Автор говорит о Стремянникове:
— Ему надоело переводить великолепное косноязычье жизни на плохое марксистское наречие.
Сам Стремянников добавляет, обращаясь к приятелю:
— Разве я виноват, что вы со своими бригадами не чувствуете, как жаждут люди сбежать от формул! В войну, во Францию, в семейное счастье, – куда-нибудь! Некоторые формулы очень исподтишка, очень медленно расшифровываются чувствами, как фальшивые.
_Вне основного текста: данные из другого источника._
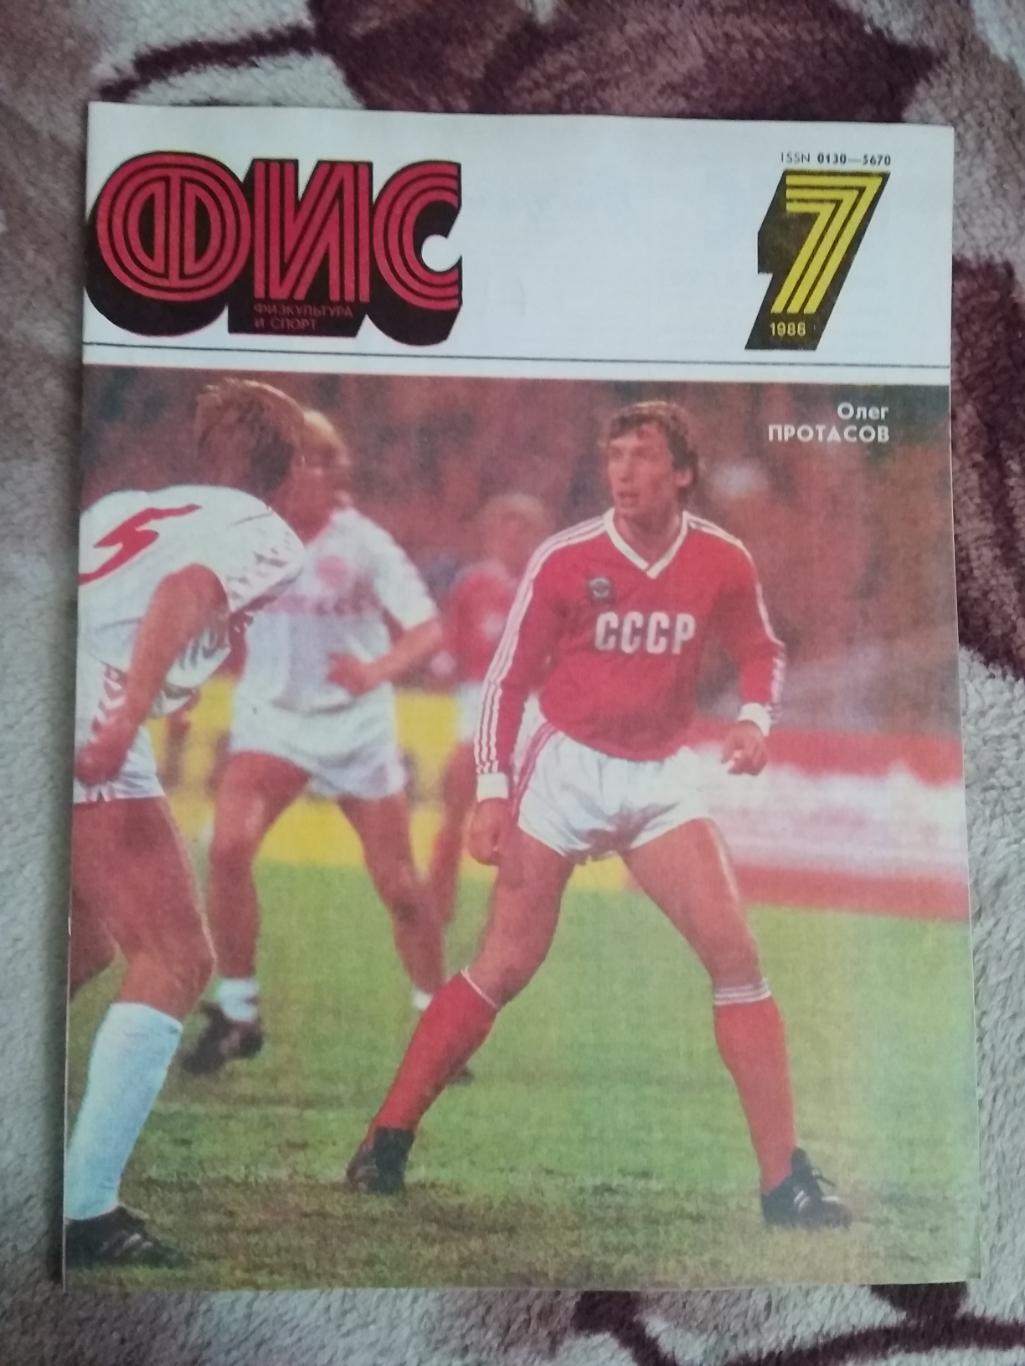 Журнал.Физкультура и спорт № 7 1988 г. (ФиС).

Здесь, в этих словах, – острие замысла Митрофанова. По определению одного из советских критиков, он задался целью произвести «великолепного косноязычья жизни с мудростью марксизма-ленинизма»… Может быть, это и так, не знаю. Судя по предисловию, которое Митрофанов к своей повести дал, это, пожалуй, так. Но, как и многие другие советские книги, «Июнь-июль» – вещь до крайности двусмысленная. «Увязка» Митрофанову удалась, во всяком случае, не вполне, – а вот недоверие живого и внутренне свободного человека к всеразъясняющим формулам он передал отчетливо. Разумеется, Митрофанов Стремянникову не сочувствует. Не случайно ведь он говорит о «плохом , марксистском наречии». Хороший марксизм, «мудрый», — как выразился советский критик, — по указаниям и намекам Митрофанова, должен «вобрать» в себя жизнь всю, без остатка, жизнь «необычайную, цепкую и обильную». Неслучайно заставляет Митрофанов своего «романтика» и покончить самоубийством.
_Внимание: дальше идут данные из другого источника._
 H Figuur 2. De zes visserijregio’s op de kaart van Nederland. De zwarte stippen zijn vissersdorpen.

Но положительный герой повести Ольшанин, тот именно, который поднимает «корни строительства», тоже не находит полного удовлетворения в официальной советской мудрости. Его тоже смущает бытие и природа. Митрофанов пишет о нем: «Я хотел показать рабочего парня — добрдушного, немного созерцательного, любящего помечтать, который, пройдя сквозь строй самых разнообразных чувств, становится более воинствующим и злым большевиком». Но мотивировка этой метаморфозы у Митрофанова явно заимствована извне и для него самого неубедительна; Ольшанин преображается, ибо сохраняет «связь с производством». Он толкает к смерти своего друга, он не знает, что ответить любимой женщине, которая, обвиняя его в этой смерти, пишет:
– «Можно жить без выкрутас и не искать классовой борьбы за комодом и под кроватью у каждого…»
Но все же Ольшанин «обходится без трагедий». Автор добавляет:
Замечание вызывает усмешку. Думаю, что усмехаемся не только мы, читая его, – усмехнуться с горьким недоумением и многие там, в советской России. Митрофанов очень проницательно ставит вопросы в «Июне-июле», но дает очень слабые ответы.
Основное «мироощущение» в этой интереснейшей книге: жизнь развивается сама по себе, теория, пытающаяся ее «вобрать», — тоже сама по себе. Связи нет… Автор не доверяет рационализму вообще. Поэтому и на «марксизм-ленинизм» он поглядывает с опаской. К «Июню-июлю» я еще вернусь. По всей вероятности, судьба этой повести окажется похожей на судьбу «Зависти» Олеши: о ней будут долго толковать и спорить, пока не увидят, что дотолковались до вещей непозволительных, предосудительных и соблазнительных… Тогда о ней умолкнут. Надо заметить, во всяком случае, что для спора Митрофанов дает новый и подлинно продуманный материал.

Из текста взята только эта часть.